VoIP is about to get more attractive for UK businesses as a new registry service is set to go live. The UK ENUM registry will mean that businesses' VoIP information will be in the public domain meaning that better use could be made of lower-cost calls.

By Maxwell Cooter
Fri, March 13, 2009

Techworld — VoIP is about to get more attractive for UK businesses as a new registry service is set to go live. The UK ENUM registry will mean that businesses' VoIP information will be in the public domain meaning that better use could be made of lower-cost calls.

The registry, run by UK registration agency Nominet will allow users of different VoIP systems, be they proprietary like Skype or standards-based SIP devices to talk with each other, provided that they both had an existing phone number.

Nominet won out on a tender held in 2007, run by UK Enum Consortium, to run the registry. Phil Kingsland, Nominet's director of communications said that the process would work in a similar to that of the domain names; Nominet would be Tier 1 registrar while other registrars would hold the registrations for businesses. He stressed that although the underlying technology was the same for Internet domain registrations, the two databases would be held separately with no current plans to merge. He said that there were currently three registrars in the UK but expected that to grow.

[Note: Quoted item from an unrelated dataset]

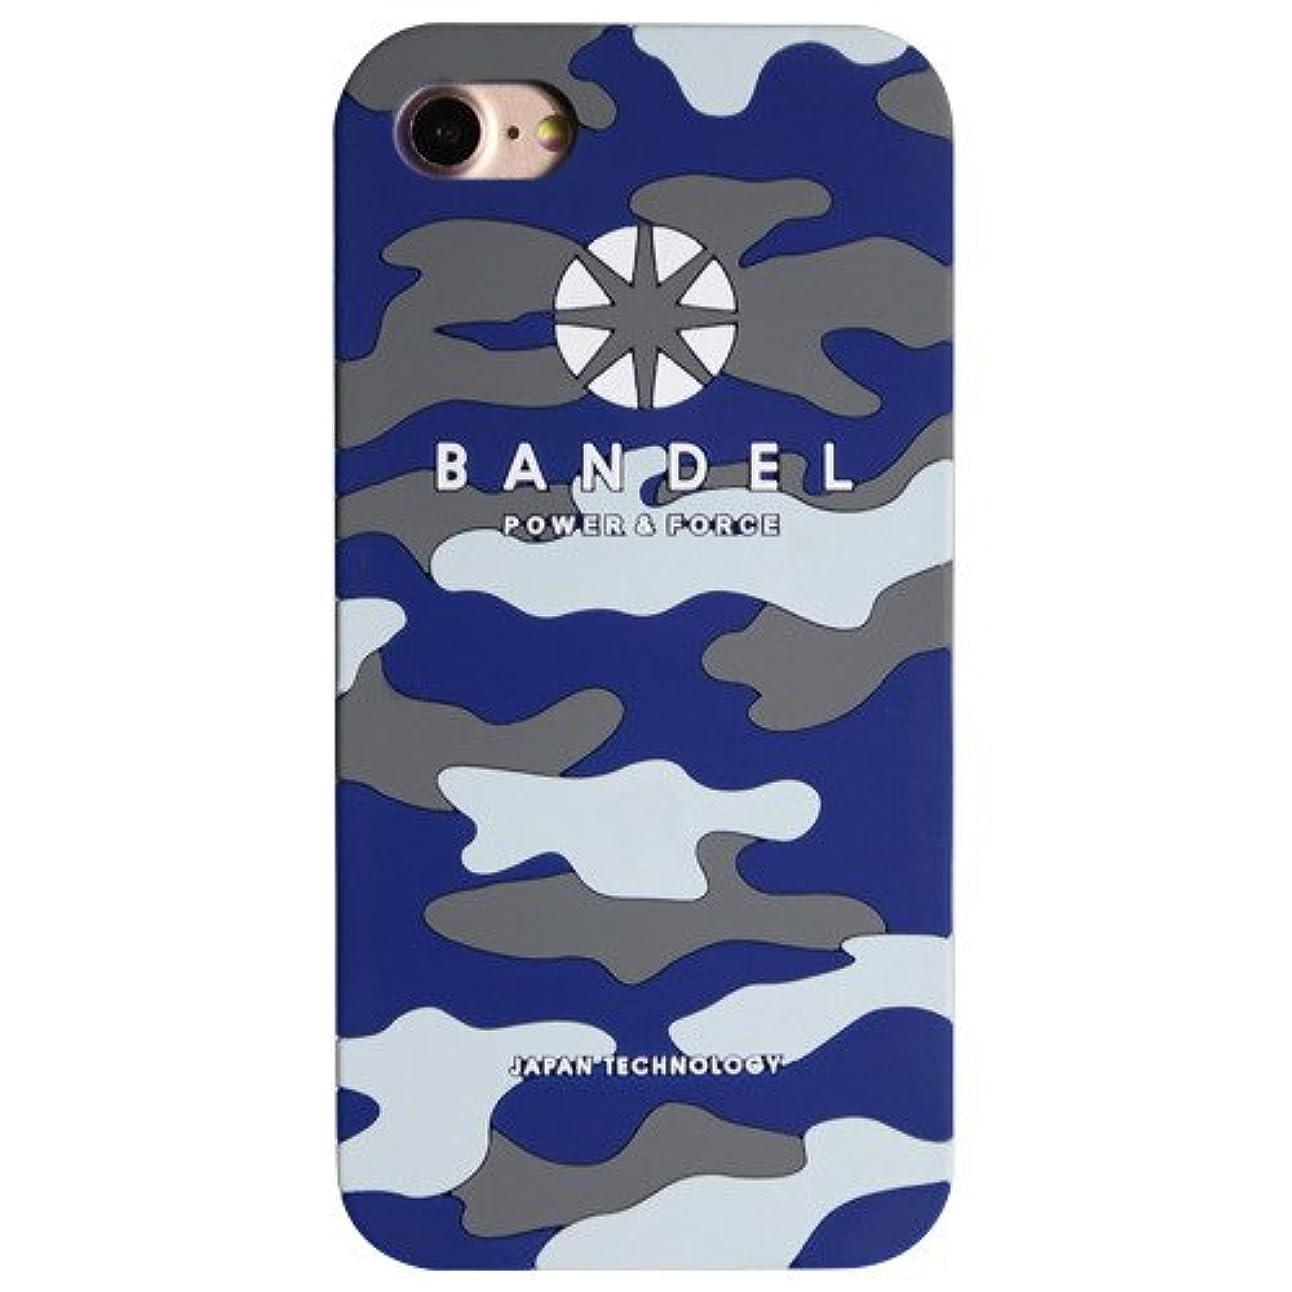 腐敗ハム同一のバンデル(BANDEL) ロゴ iPhone 7専用 シリコンケース [ネイビー×カモフラージュ]

In addition, Nominet would have authority for the validation agencies, the organisations that would monitor registry applications to ensure that the people applying had the authority to apply and actually owned the number in question. Kingsland said that this was to avoid some of the disputes that bedevilled the Internet in the early years.

In addition to the cost savings of using VoIP, business users will be able offer additional features such as 'follow me' allowing callers to use a single number to call someone who is not in a fixed place throughout a day - and without paying the cost of a mobile call. Kingsland said that for the first time, VoIP users would not have to belong to the same network.

The core technology of ENUM works by translating a phone number into a domain name. This allows users to continue to use existing phone number formats , while allowing the device to route the call using a DNS lookup. Kingsland said that the work' would be done by the VoIP system so that a caller looking for a particular business would be diverted over the VoIP number if that business had a registration. "The caller would have to do nothing, the VoIP software will do the searching in the same way that a conventional exchange will find the number."

Kingsland said as the system had only just gone live it was too early to talk about the size of the registry but he envisaged steady progress rather than rapid take-up.